IEN Europe: Cybersecurity and scalability are key concerns for industrial operators. What design principles within Ignition help address these challenges?
Travis Cox:
On the security side, Ignition is built on a unified, industrial-grade security architecture that takes a defense-in-depth approach. It supports TLS 1.2 and 1.3 encryption for all communications – the same standard trusted by financial institutions worldwide – along with federated identity, MFA, SSO, SAML, and OpenID Connect integration. Role-based access control and security zones give operators granular control over who can access what and from where, whether they're on the plant floor or connecting remotely. Secrets management removes passwords and encryption keys from gateway configuration, adding another layer of protection for sensitive credentials. Built-in user auditing provides administrators with detailed visibility into system activity, helping teams quickly identify and respond to anomalies before they become costly incidents. Inductive Automation also backs this up at the organizational level, holding ISA/IEC 62443-4-1 certification for their secure software development lifecycle and maintaining ISO 9001 compliance.

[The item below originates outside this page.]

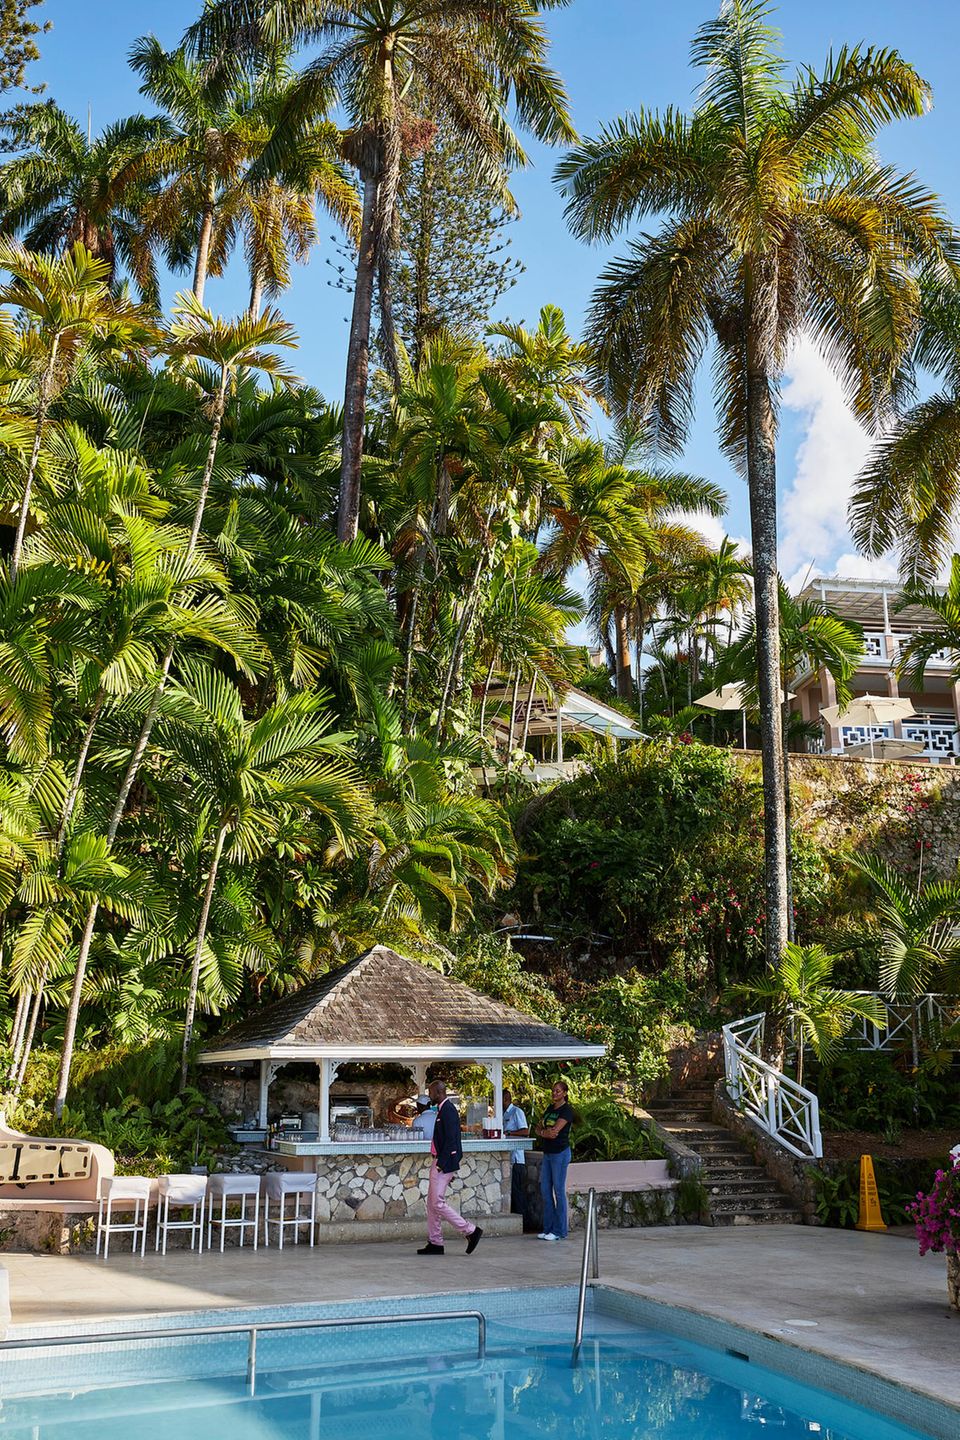 Erfrischender Pool im Tropengarten – im Fünf-Sterne-Resort "Couples Sans Souci" lässt sich wunderbar durchatmen

On scalability, Ignition takes an equally principled approach – one that starts with the licensing model itself. Rather than charging per tag, per client, or per user, Ignition uses a flat-rate server license that removes the artificial constraints that typically limit growth in traditional SCADA systems. Organizations can add unlimited tags, connect unlimited devices, and deploy to unlimited clients without triggering additional licensing costs. This aligns the platform's economics with the organization's ambitions rather than working against them. Combined with the ability to deploy on-premise, at the edge, or in the cloud – and to scale cloud instances elastically up or down as demand changes – Ignition gives industrial operators a platform that grows with them without financial penalty or architectural rework.

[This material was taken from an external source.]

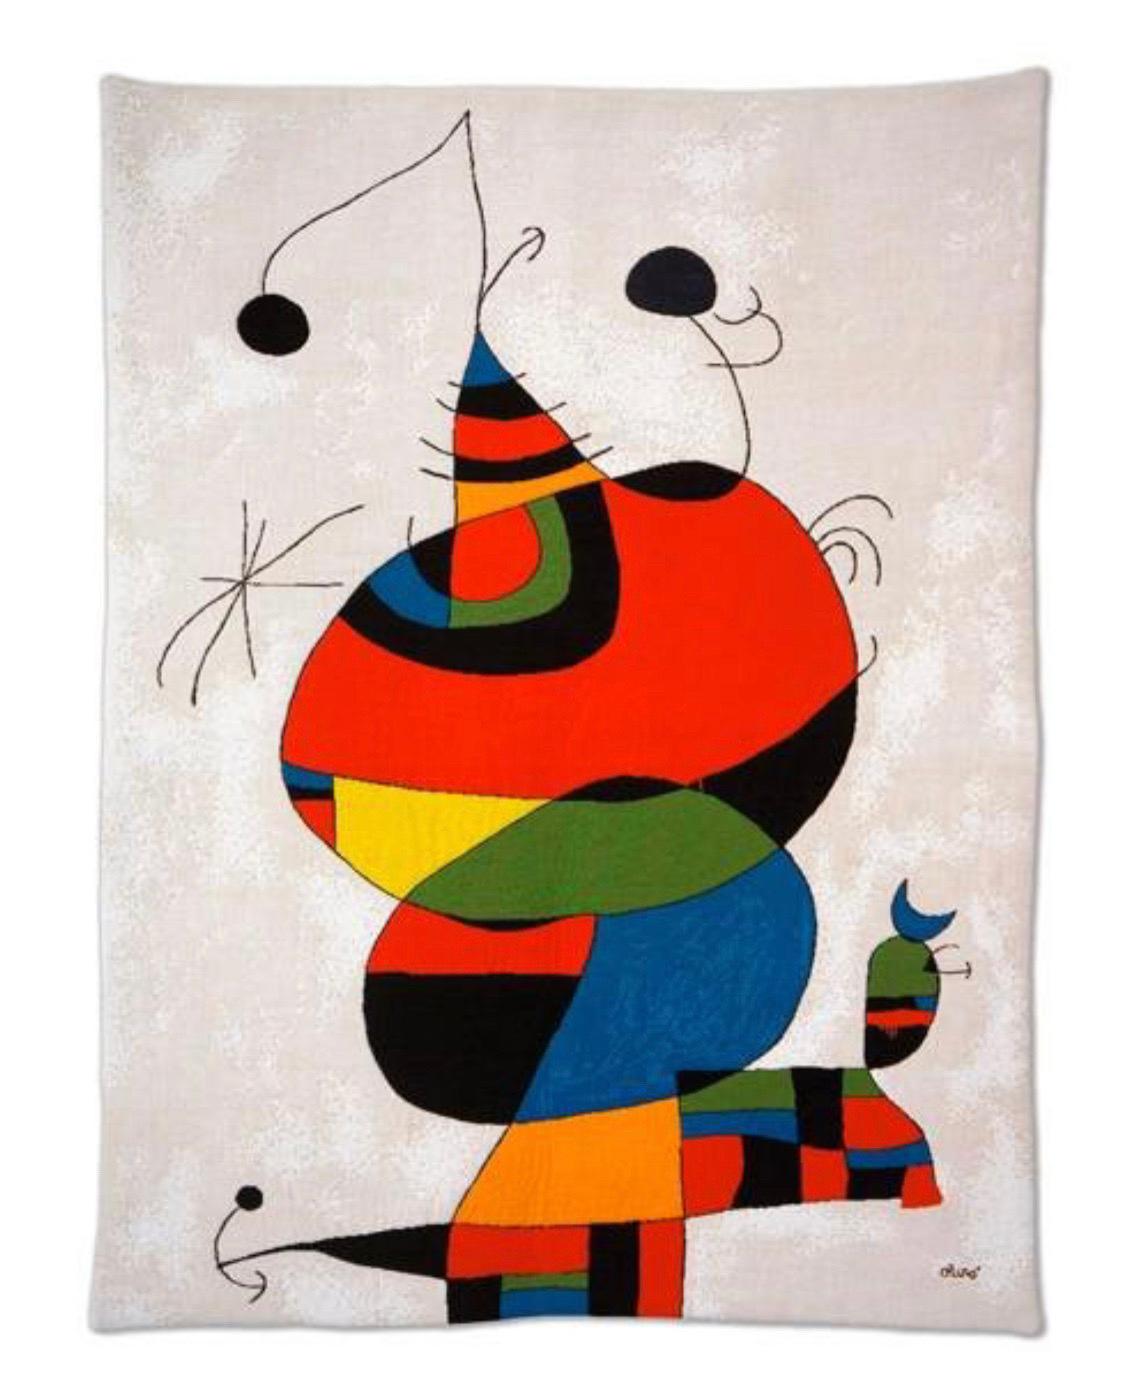 Il s'agit d'une belle et grande tapisserie de Joan Miró.  Il a fait traduire plusieurs de ses peintures en tapisserie et en tapis.  Ce magnifique exemple est une représentation tissée de la peinture

IEN Europe: Looking ahead, how do you see SCADA and industrial software platforms evolving over the next five years, particularly with the rise of AI and data-driven manufacturing?
Travis Cox:
The next five years will be defined by two parallel and reinforcing trends: deeper integration and intelligent automation. On the integration side, we'll see organizations move decisively toward Unified Namespace architectures – building rich, contextualized data models from the edge up, standardizing how data is structured and published, and connecting those data environments across plants, business units, and entire enterprises. The days of siloed SCADA systems that only talk to themselves are numbered. The organizations that move fastest on this integration foundation will be the ones best positioned to take advantage of what comes next.

What comes next is AI – and it will reshape industrial operations in two meaningful ways. The first is AI-assisted development, where engineers use AI tools to build, configure, and maintain Ignition applications faster and with fewer resources. The second, and arguably more transformative, is AI agents operating directly on live industrial data to perform tasks that today require significant human expertise: anomaly detection, predictive maintenance, root cause analysis, alarm rationalization, energy optimization, and process improvement. Inductive Automation is already moving in this direction, having released an early-preview MCP module for AI integration, with an ambition toward building full agent workflows directly into the platform. The industrial software platforms that win over the next five years won't just be the ones with the most features – they'll be the ones that serve as the trusted, open, and well-structured foundation on which Industrial AI can be reliably built and adopted.

IEN Europe: Thank you for these insights!